An interesting zoom-out on a basic suburban neighborhood in the 70s, centering around the narrators' ogling obsessions with the suicides of five sisters over the course of about a year. Fuddles along for about 50-100 pages more than it needs to. You can tell it's a first novel, and ofc you can DEFINITELY tell it was written by a man named Jeffrey lol

I hesitated to read it for a long time, mostly because of the title and meh experiences with one of the author's other books, but I now wish I'd read it in college or a book club so I could hash out my thoughts about it with some people and compare takes. So definitely an interesting book! 
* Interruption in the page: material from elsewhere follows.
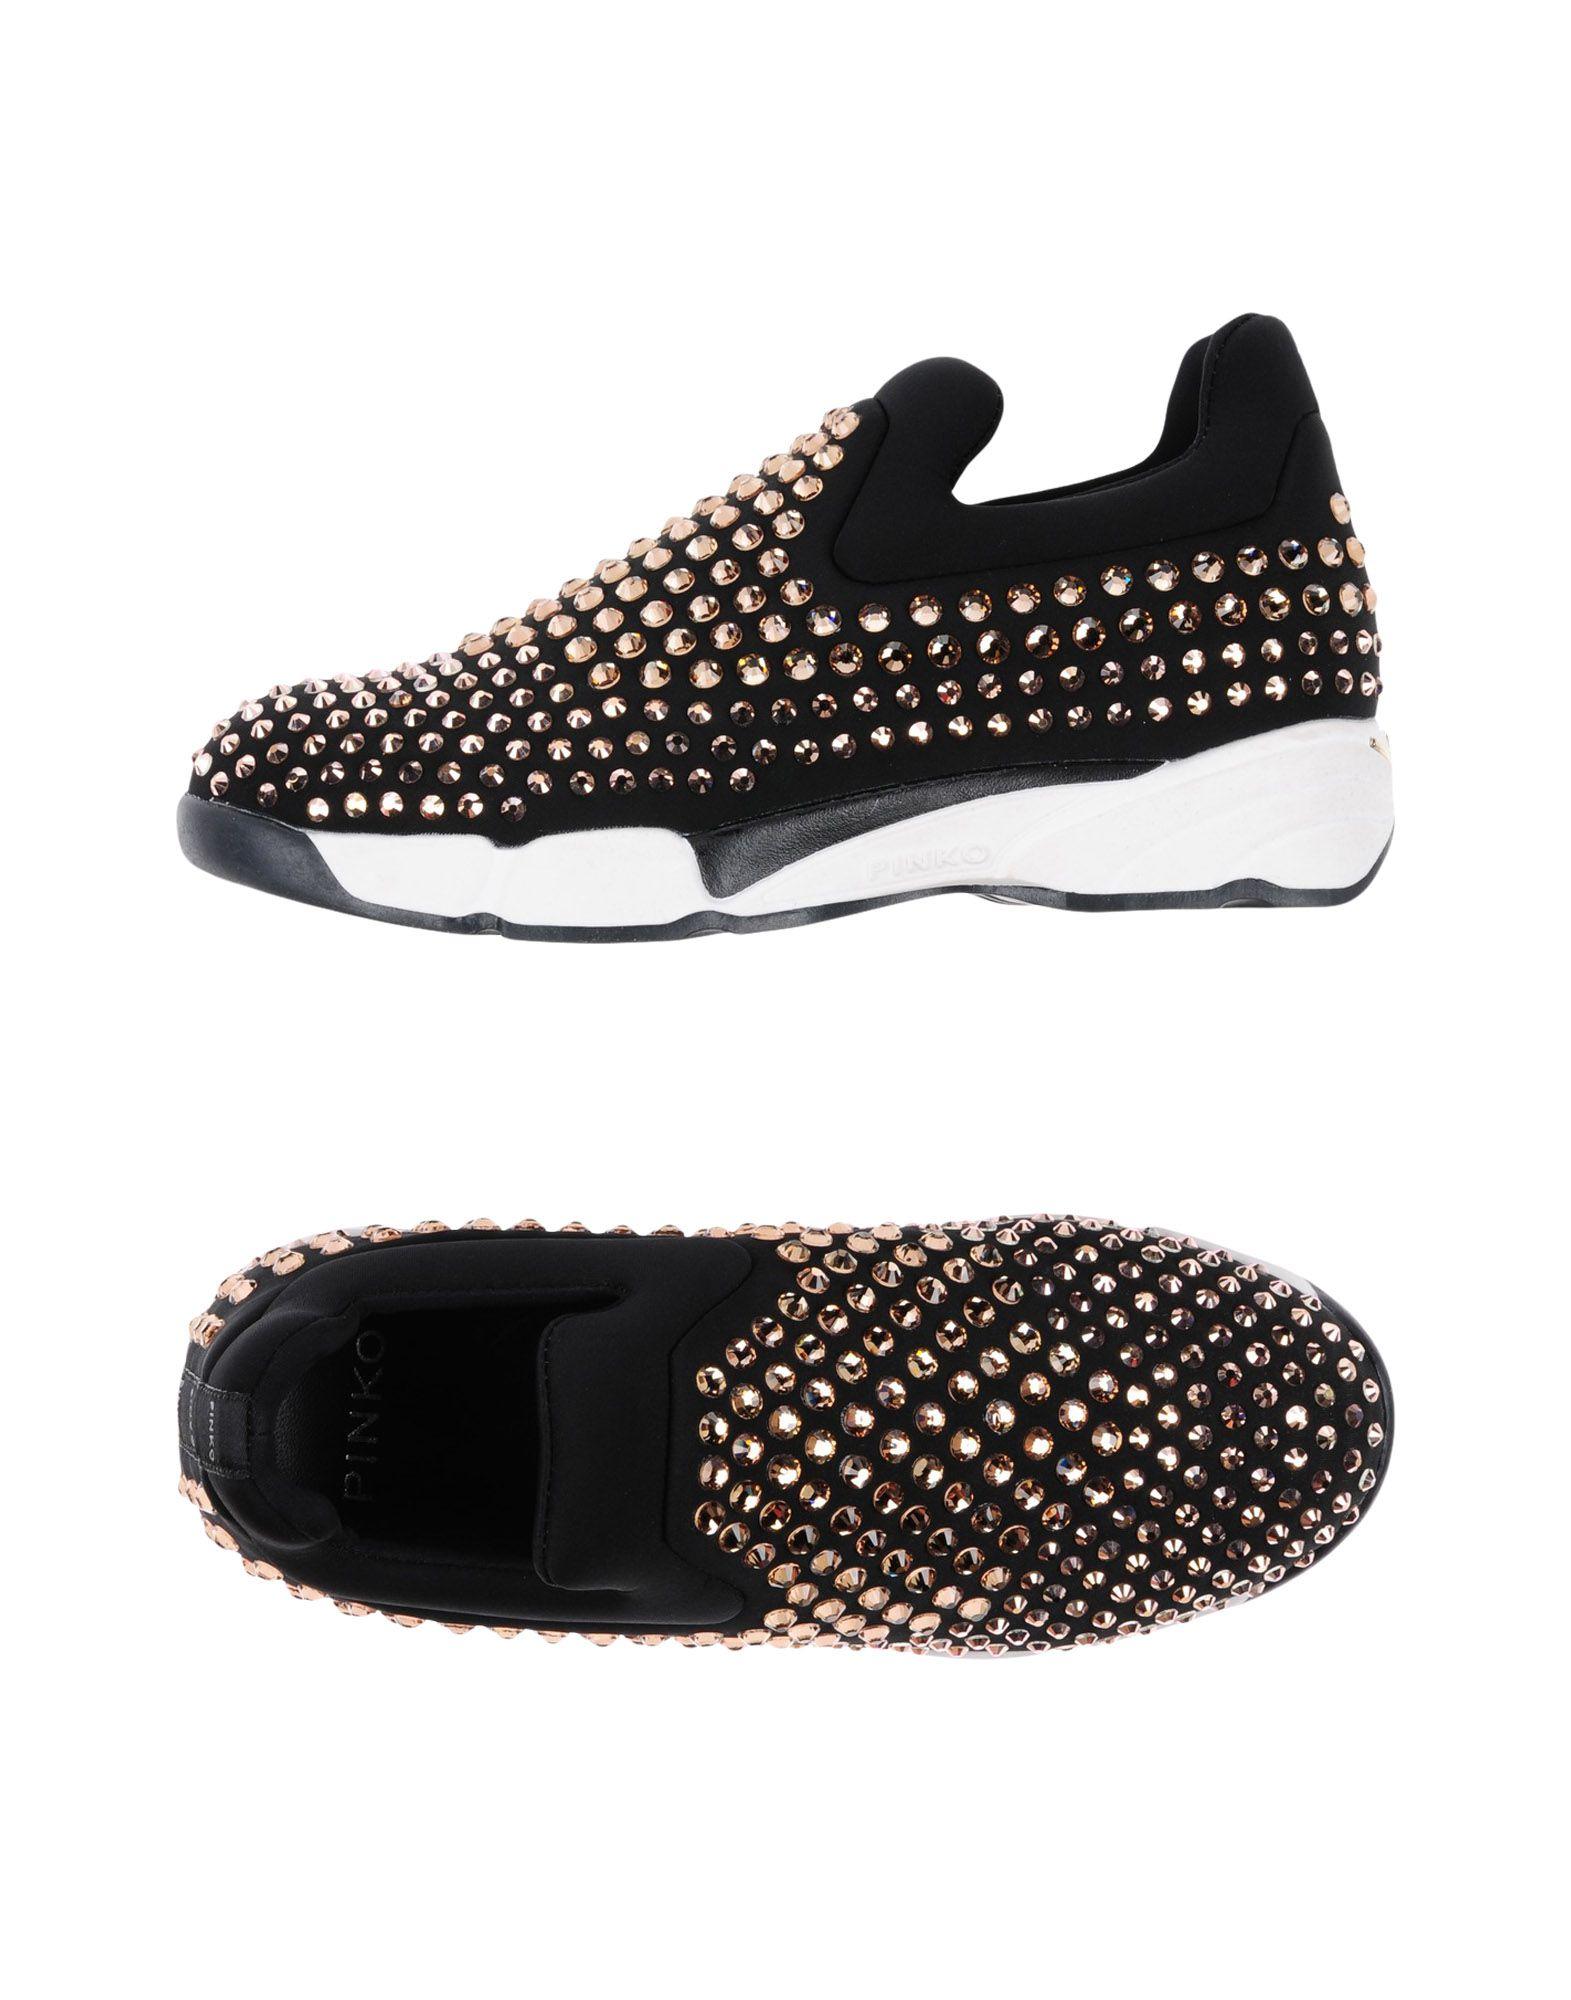 Zapatillas Pinko Mujer - Zapatillas Pinko  Negro Negro  99908c

The greek chorus of boys viewing the girls through their own romantic (and limited) notions add a great layer to an intensly fraught, private story they'll never know the truth about. They don't know or understand the Lisbon girls (or even try very hard to, while they're still alive). No matter how they try to insert themselves in their story and pretend closeness to the girls, all they have left in the end are unanswered questions, unaddressed trauma, and a moldering museum of the girls' belongings.  

The author does a great job of showing how they can't move on from this--though the intense focus on a bunch of horny boys gets old fast (hence the "this coulda been a shorter book") and the last sections of the book go on and on before ending on a strong final two pages. Very literary fiction of you sir but also very clear you bit off more than you could chew with this premise and didn't know exactly how to wrap up. 

I want to see the movie now!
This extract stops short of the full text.